There are coaches and athletes in this world that make you stop and watch. It’s not only because of what they represent on the playing field, but what they represent off it. Sports figures that grasp the attention of the masses have as much between the ears as they do between the lines.
They don’t bother with hype or extravagance. They smile at the fans, wave at the kids. They are aware of the surrounding world and choose to embrace it, not ignore it.
There are coaches and athletes that fall into that category. There is a list somewhere.
Brett Favre is on it. His combination of a down-south-aw-shucks attitude with his football savvy put him in the hearts of millions. Mickey Mantle was the same way.
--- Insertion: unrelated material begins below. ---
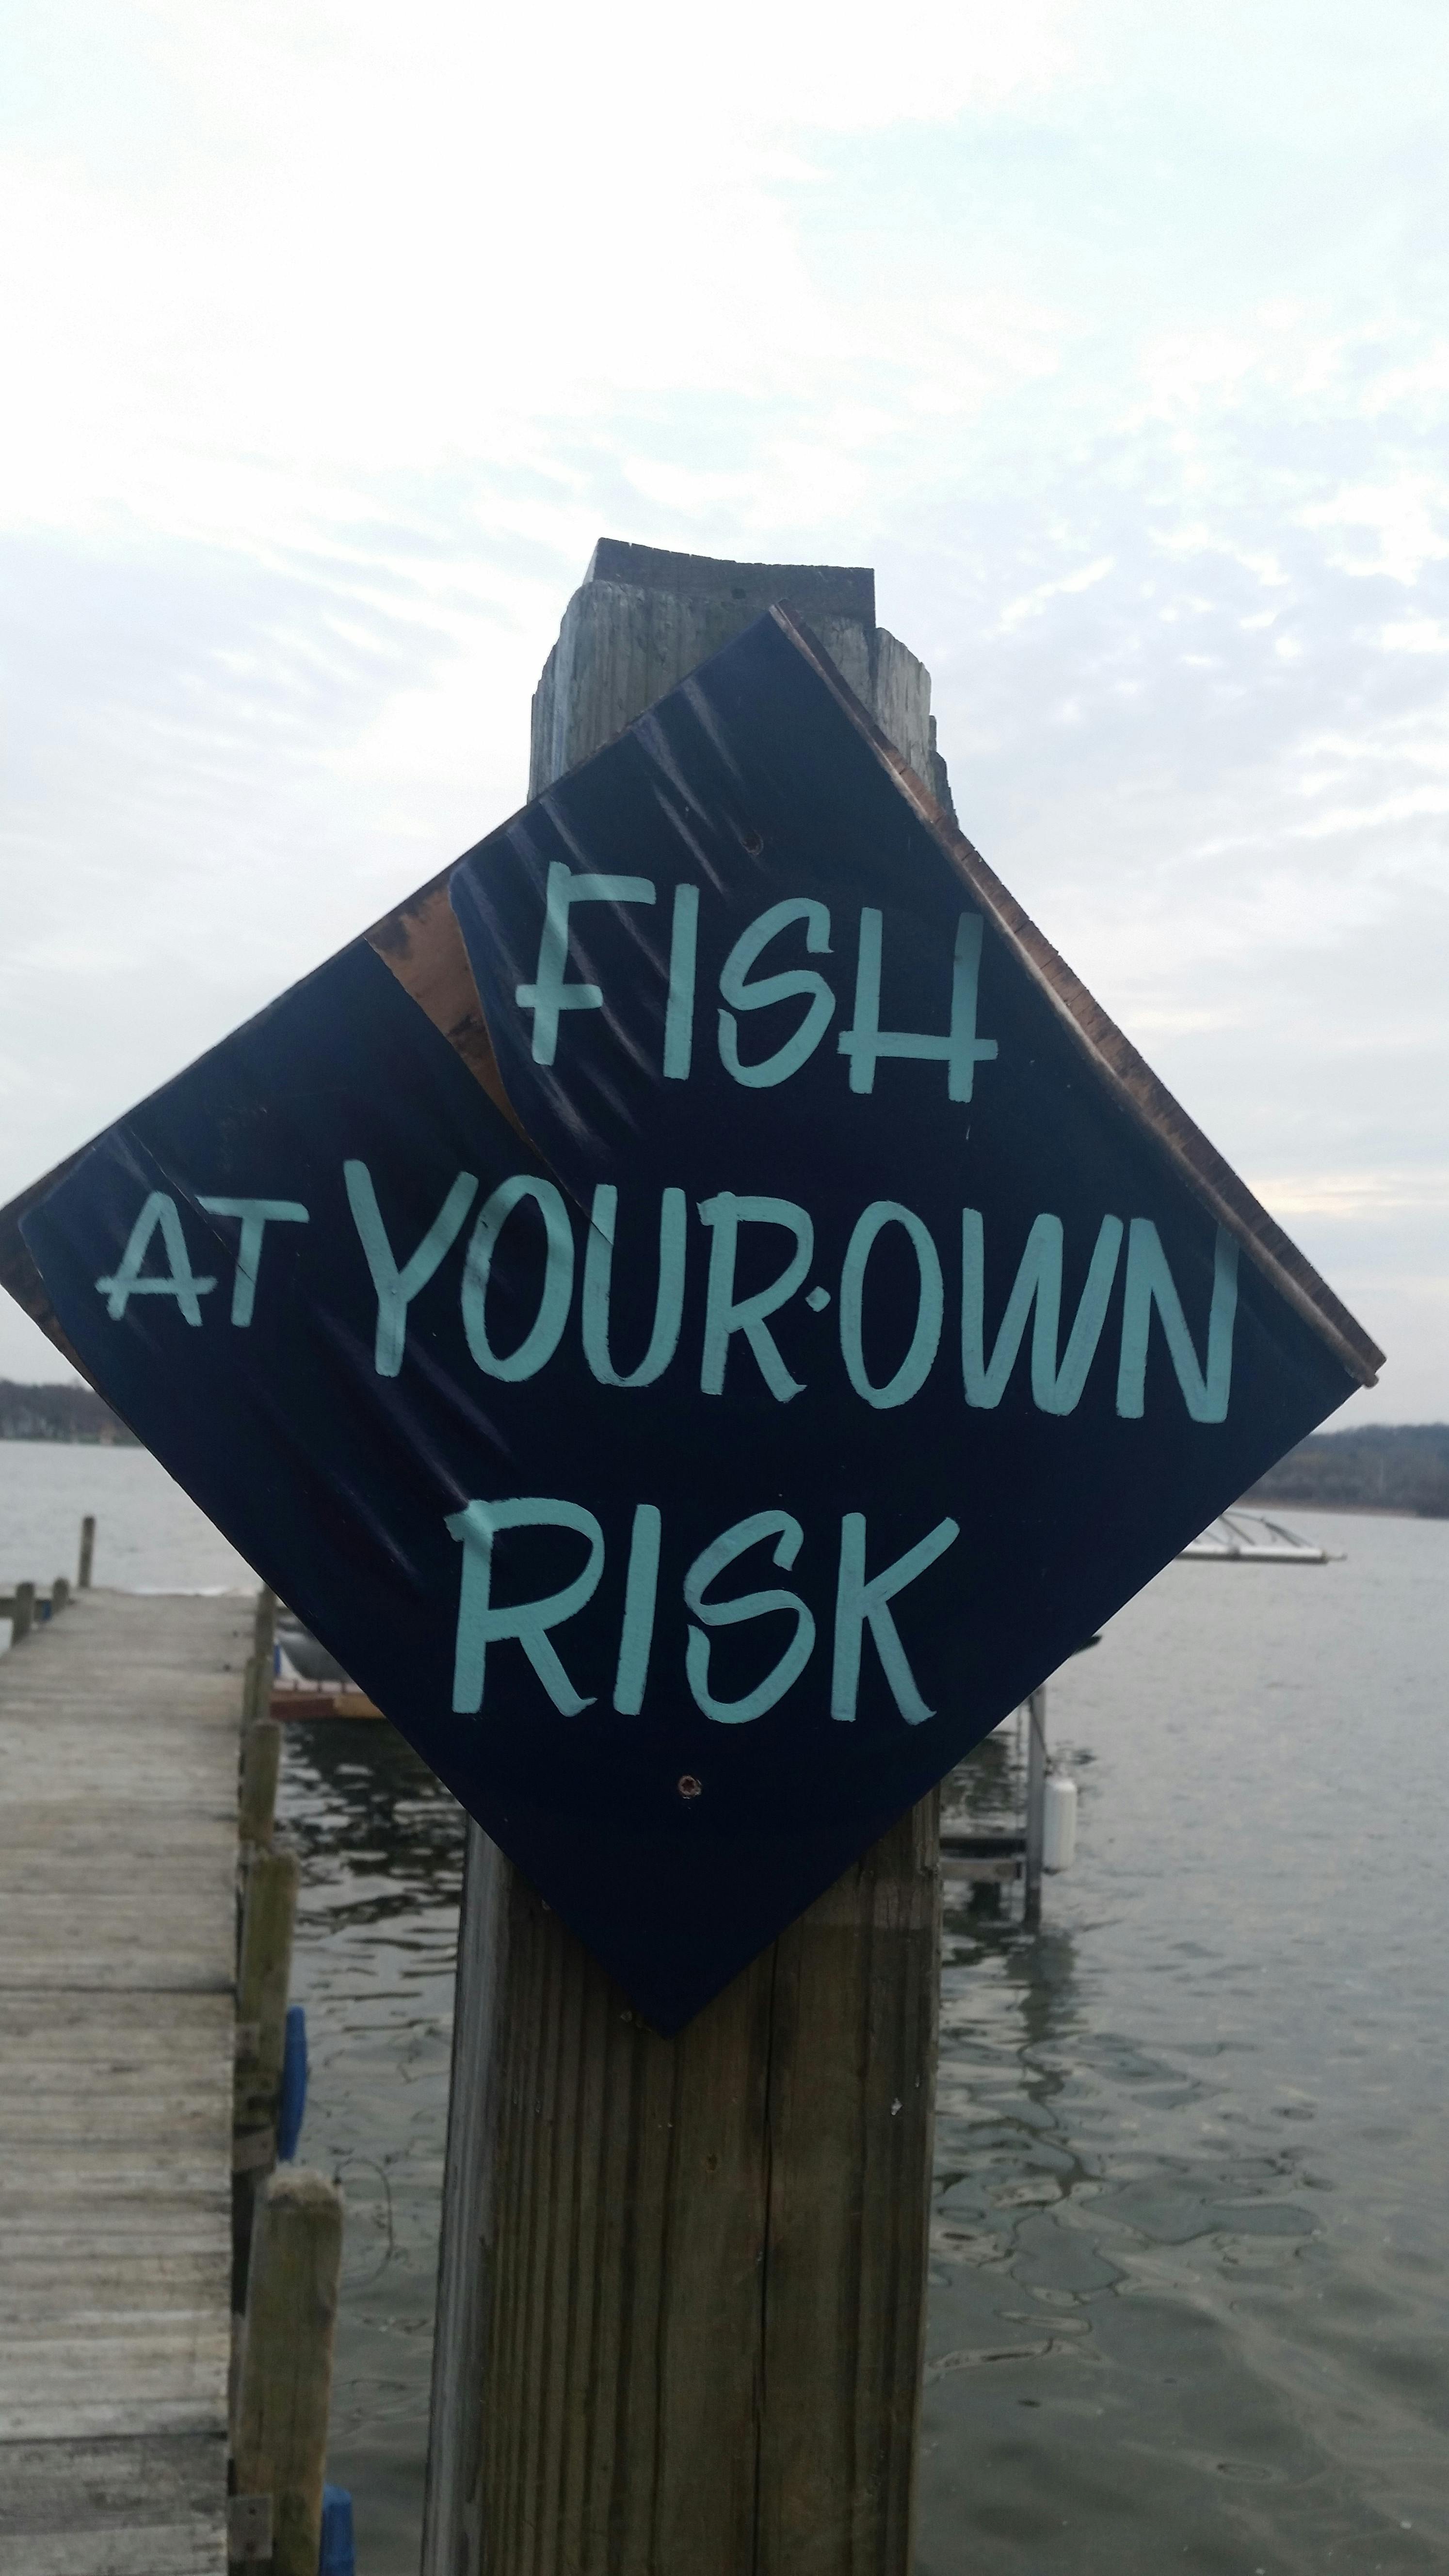 Free stock photo of fish at your own risk, sign

He was so humble, in 1956 he told Shirley Povich that Babe Ruth’s 60 HR record would be broken in the next four or five years, “but not by me.” He was honest too. The closest he got was five years later when he hit 54 in 1961 – the same year Roger Maris hit 61.
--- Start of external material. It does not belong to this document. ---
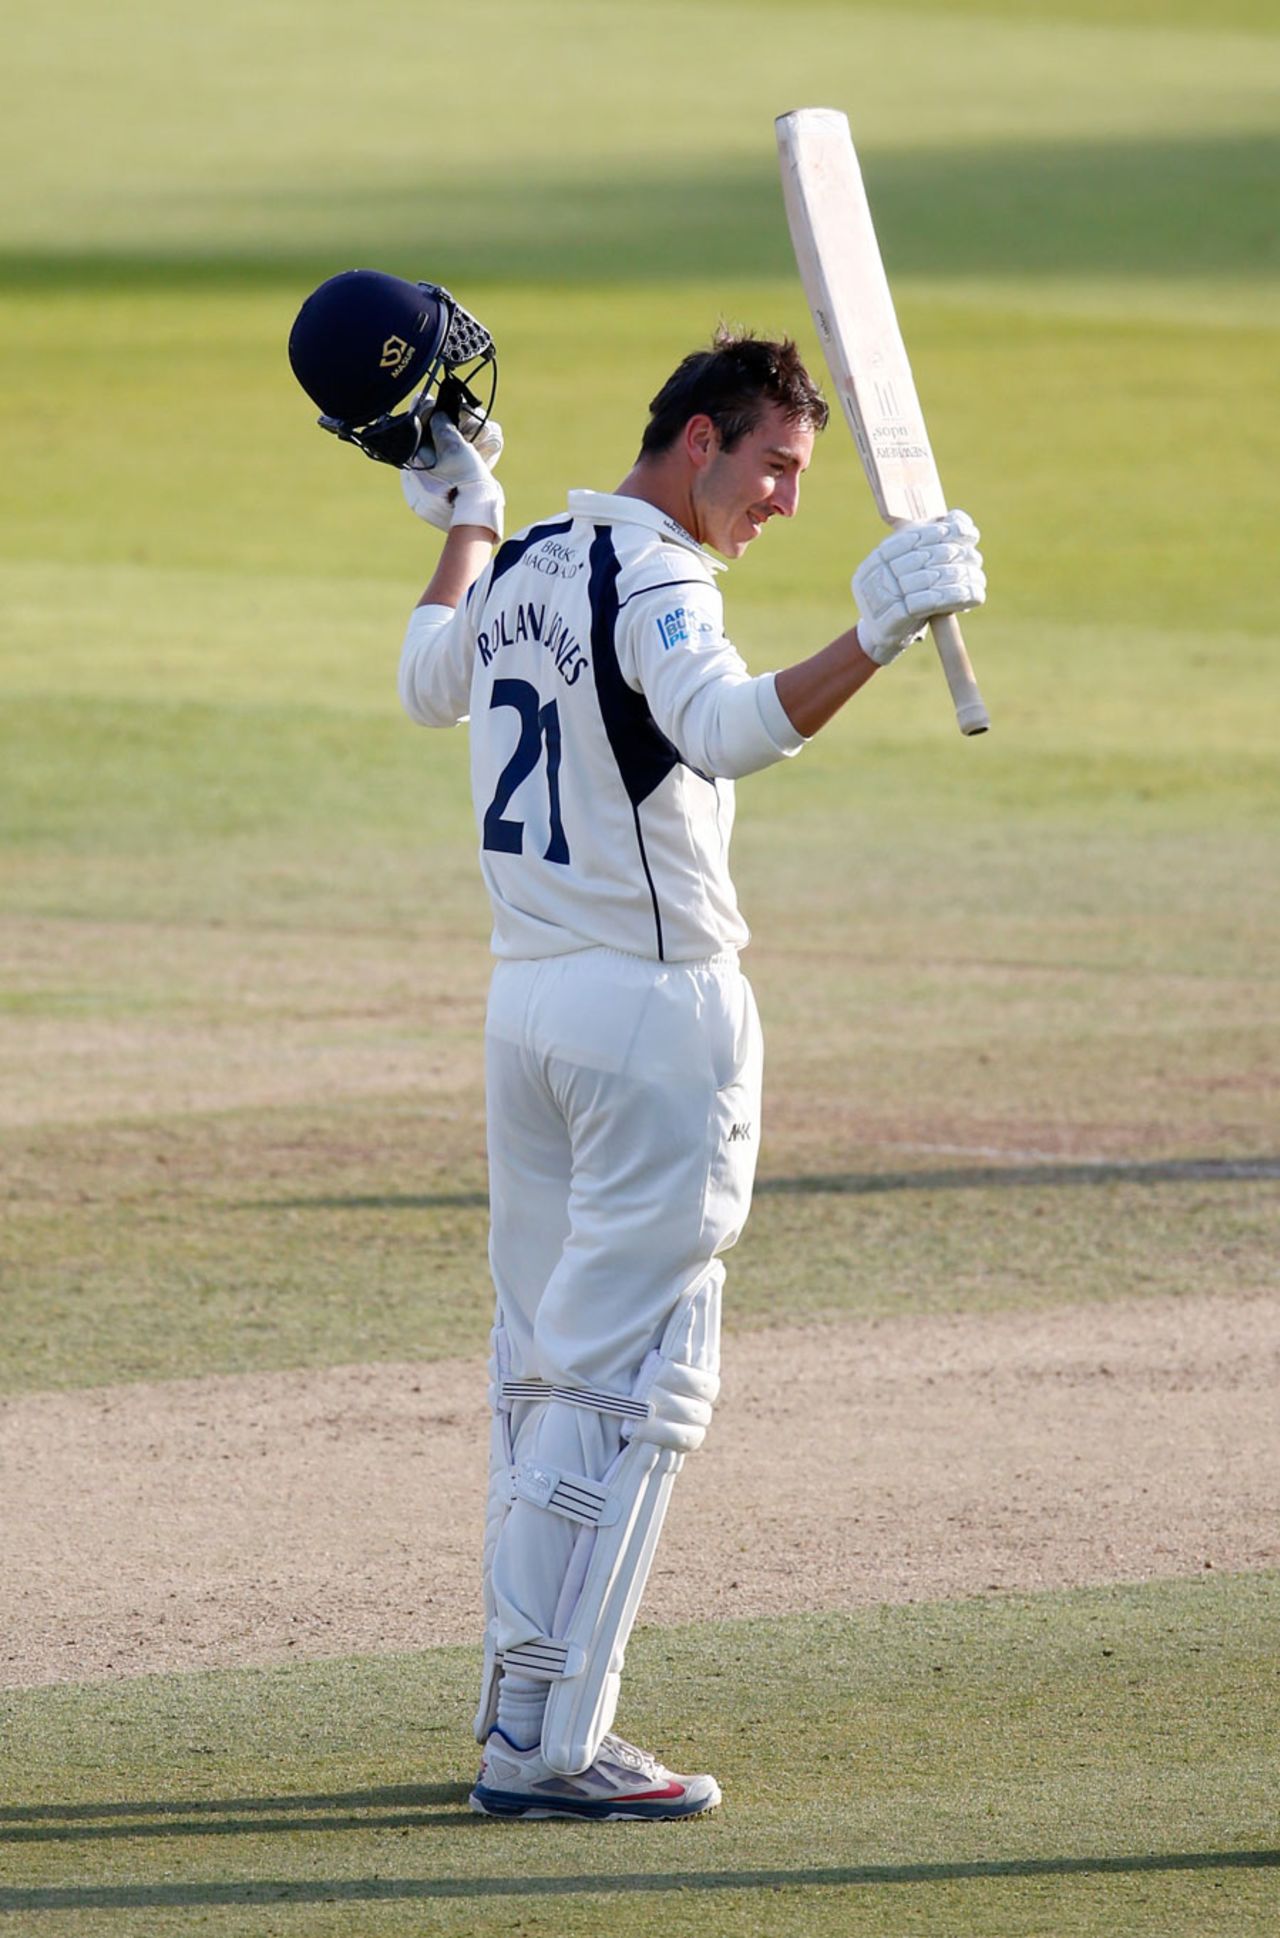 Toby Roland-Jones smashed his way to a maiden hundred, Middlesex v Yorkshire, County Championship, Division One, Lord's, 3rd day, September 11, 2015

Closer to home, I’m Oregon State Head Volleyball Coach Dr. Taras Liskevych on that same list. But, he’ll ask you to call him Terry. While his resume is full of more Accolades than a Babbage’s, Terry doesn’t flaunt it. He has an Olympic medal, earned a Ph.D and if you try to get him to elaborate, he is most likely going to steer the conversation elsewhere.
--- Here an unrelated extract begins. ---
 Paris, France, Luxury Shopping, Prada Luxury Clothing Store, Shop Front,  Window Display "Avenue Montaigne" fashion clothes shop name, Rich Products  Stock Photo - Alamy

He coached Olympians from 1985 though 1996. For the better part of a decade he dealt with egos and politics, greed and corruption. At the Olympic level, egos and money rule. “In the Olympics you are only paid to win,” Liskevych said. “And it is very difficult to take the best of the best and make them into a team.”
But he succeeded. During the eleven years he was involved with the USA National team, he collected a Bronze medal at the World Championships and the Olympics and in 1995 won the World Grand Prix. He coached the best volleyball team in the world, it was composed of three and four-time All-Americans. But after working with Olympians for more than a decade, Terry wanted a change.
If you ask him why he decided to come to Corvallis a few years ago, he’ll tell you he wanted a challenge. He once said on The NickelBlock, “I liked the fact that [Oregon State] had never been good in volleyball, because there’s nothing but up.” Terry conquered the world of Olympic volleyball and wanted to return to the college scene and conquer a different beast.
“I wanted a chance to teach again.”
Terry has had his opportunities to teach. Not in the classroom but on the court. In his first few years at Oregon State he has taken a team that was a regular in the bottom of the Pac-10 to a team that is winning at 10th-ranked Hawaii, at fourth-ranked UCLA and at 15th ranked California. The team even cracked the top 25 this year after beating fourth-ranked USC and No.13 Wisconsin. While the team may not win a national title or contend for one, Terry isn’t disappointed.
It’s not his style, words like that aren’t in his vocabulary. The only dis-word he knows is discipline. His command is calm and collected with a vision and a plan.
“I tell my kids, I’m going to teach you life skills, you’re going to graduate and you’re going to be a great volleyball player.” Liskevych said.
And he believes that.
“You can’t legislate ethics and morality,” he said. “If I want to cheat and I want to do things outside the purview of the NCAA guidelines, I could do it everyday. And no one is going to catch me. I think you need to say ‘What am I here for as an educator slash coach?’”
Terry Liskevych is an NCAA Division I Women’s Volleyball Head Coach that is here to be an educator first. Win games second. He preaches it everyday when he says, “success breeds success.” A successful student makes a successful athlete? When was the last time you heard a coach say that? Makes you stop and think, doesn’t it?